Дело в том, что когда «Новую Голландию» готовили к размещению нашего ведомства, с господами Плеве и Ширинкиным, заранее оговаривалось, что в ней будут предусмотрены места для проживания на территории острова особо охраняемых персон, при этом не являющихся арестантами.
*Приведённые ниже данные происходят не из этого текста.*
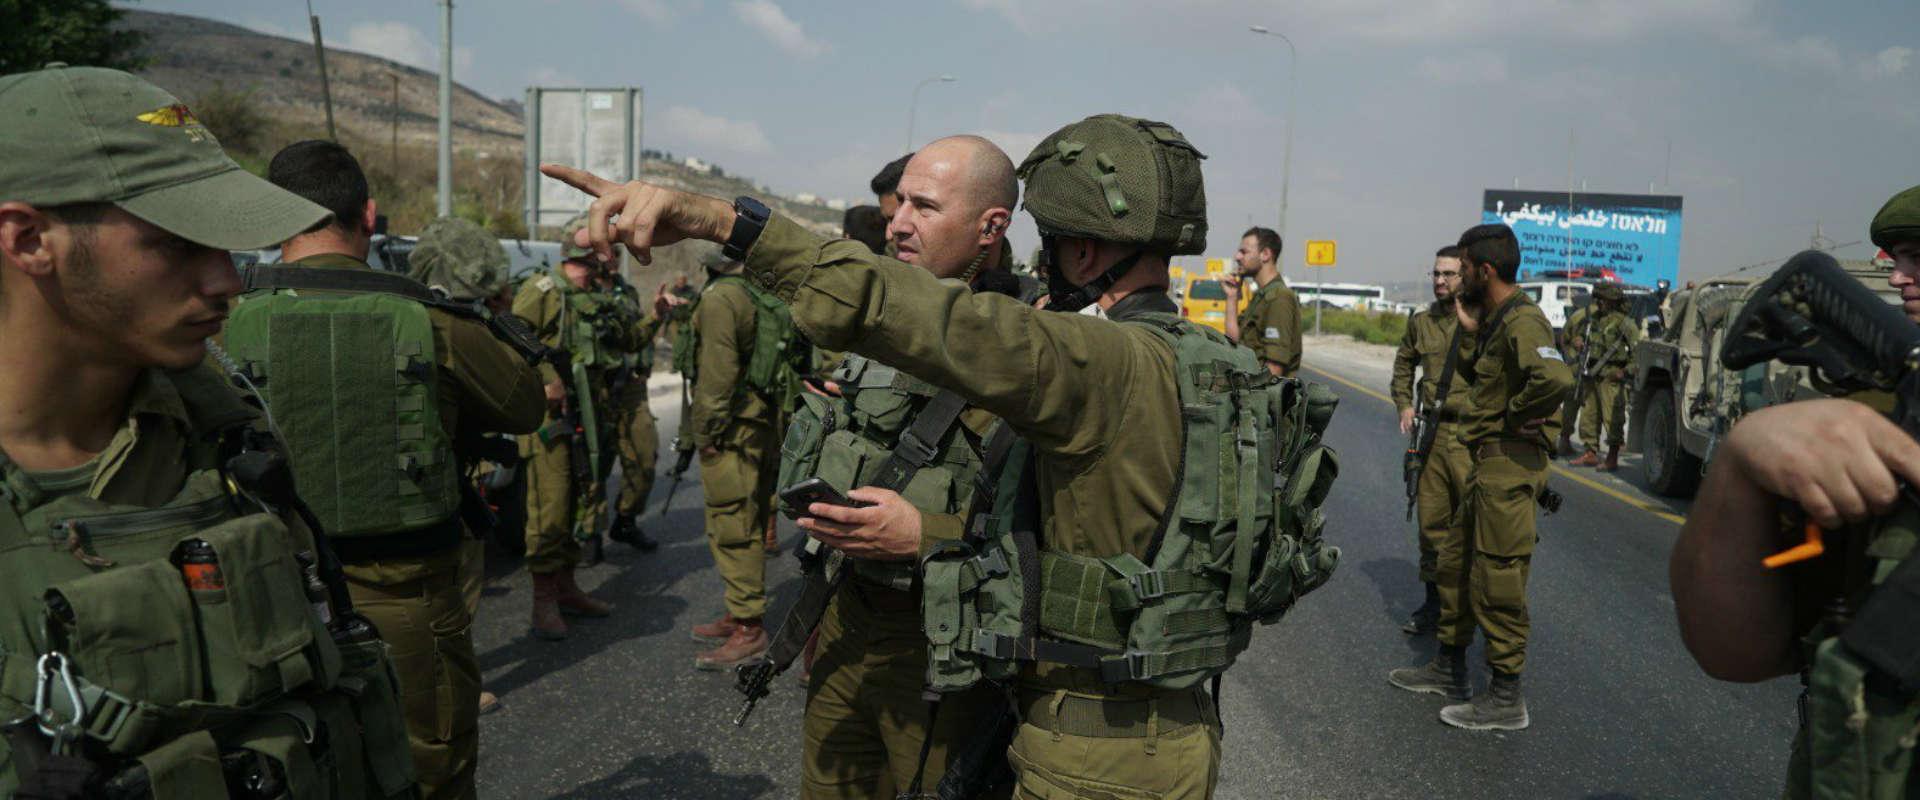 """כוחות צה""""ל בזירת הפיגוע"""
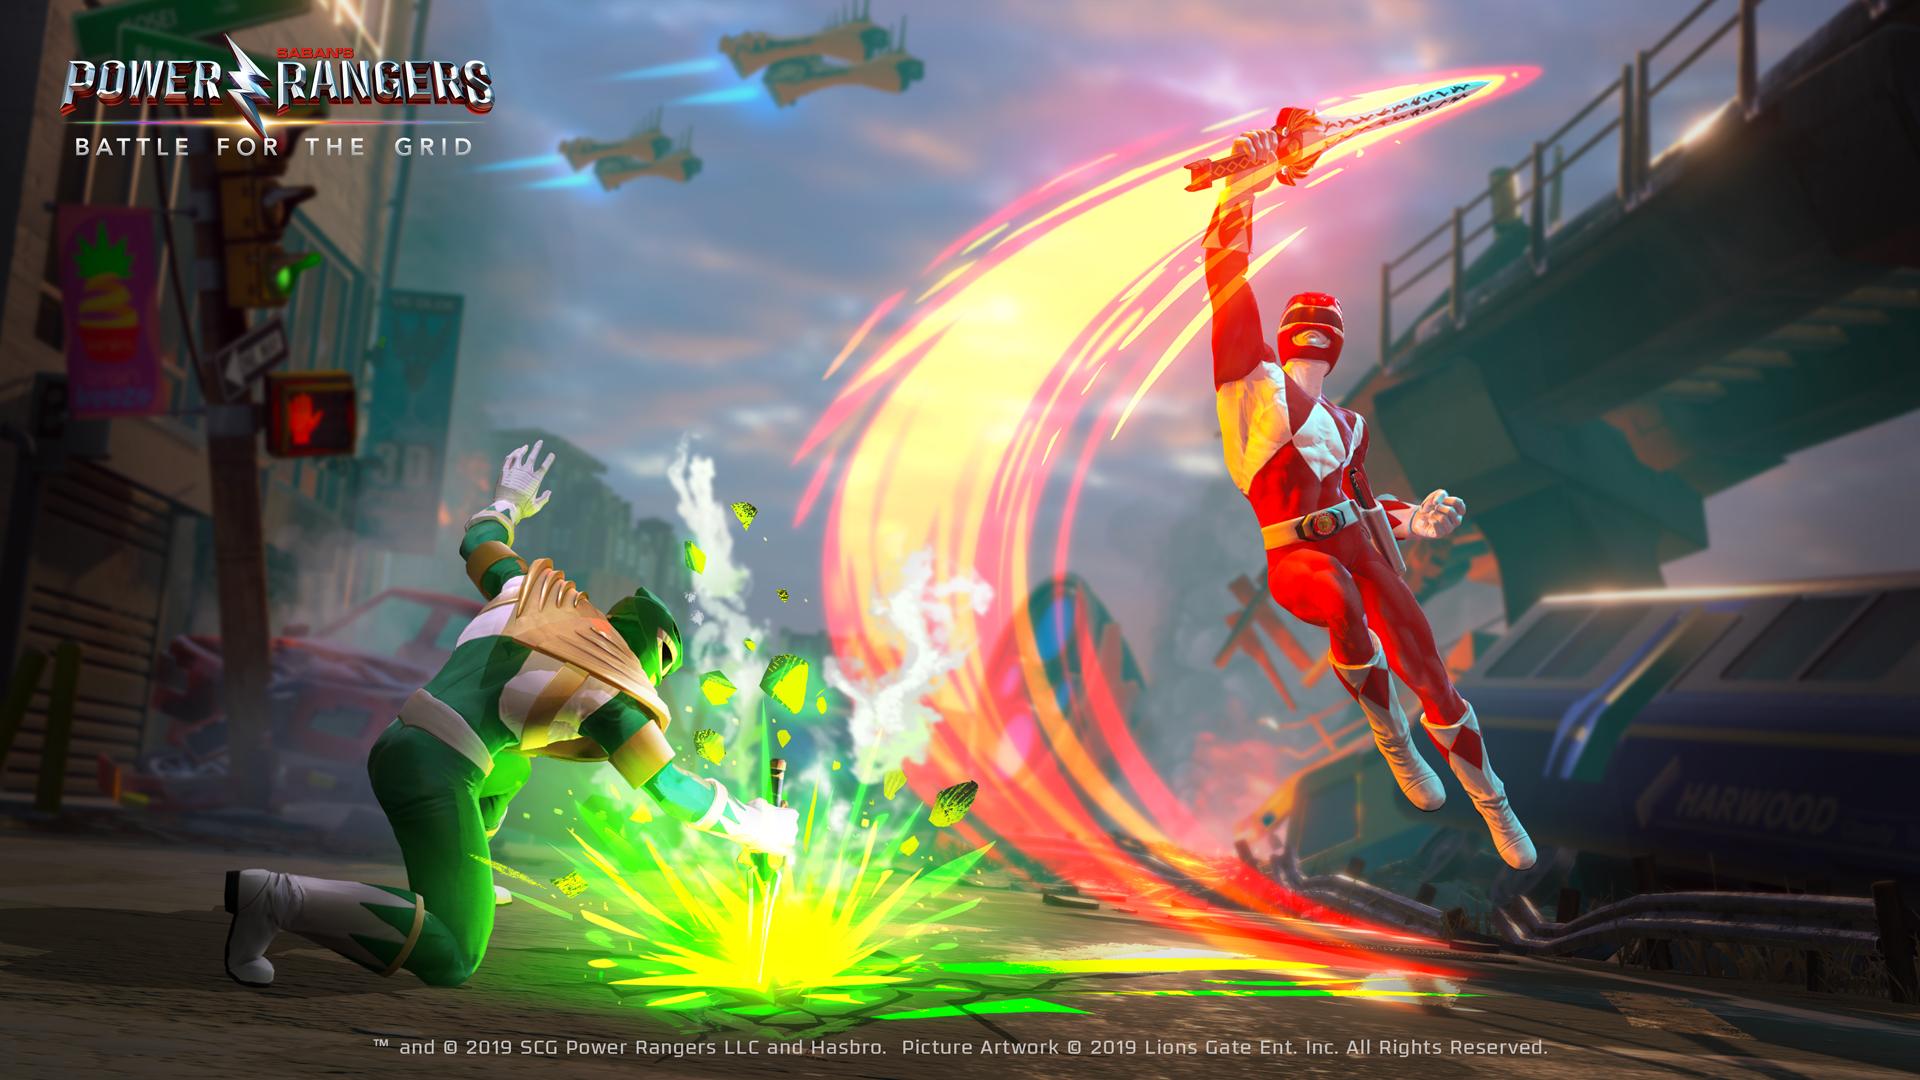 Power-Rangers-Battle-for-the-Grid_2019_01-17-19_002

Разной степени комфортности камеры для таких клиентов, как Азеф, Гапон, Лопухин, располагаются в подвале и полуподвале, а на верхних этажах находятся рабочие кабинеты сотрудников ведомства и «квартиры» особо охраняемых «гостей». Именно там во время мятежа укрывалась Великая княгиня Ксения Александровна с детьми, и именно там, помимо четы Ульяновых, квартировали сейчас полковник Зубатов, инженер Тринклер, Иосиф Джугашвили и прочие, как говорят в таких случаях, официальные лица.
– Очень приятно это слышать, Владимир Ильич, – сказал я, – должен заметить, что во время мятежа в ваших нынешних комнатах проживали старшие сыновья Великого Князя Александра Михайловича. Так что делайте выводы.
– Неужели? – живо переспросил Владимир Ильич, оглядываясь в моем кабинете, и тут же резко сменил тему. – А у вас тут необычно. Приходилось в бытность мою помощником присяжного поверенного бывать у разного рода полицейских и судейских чиновников.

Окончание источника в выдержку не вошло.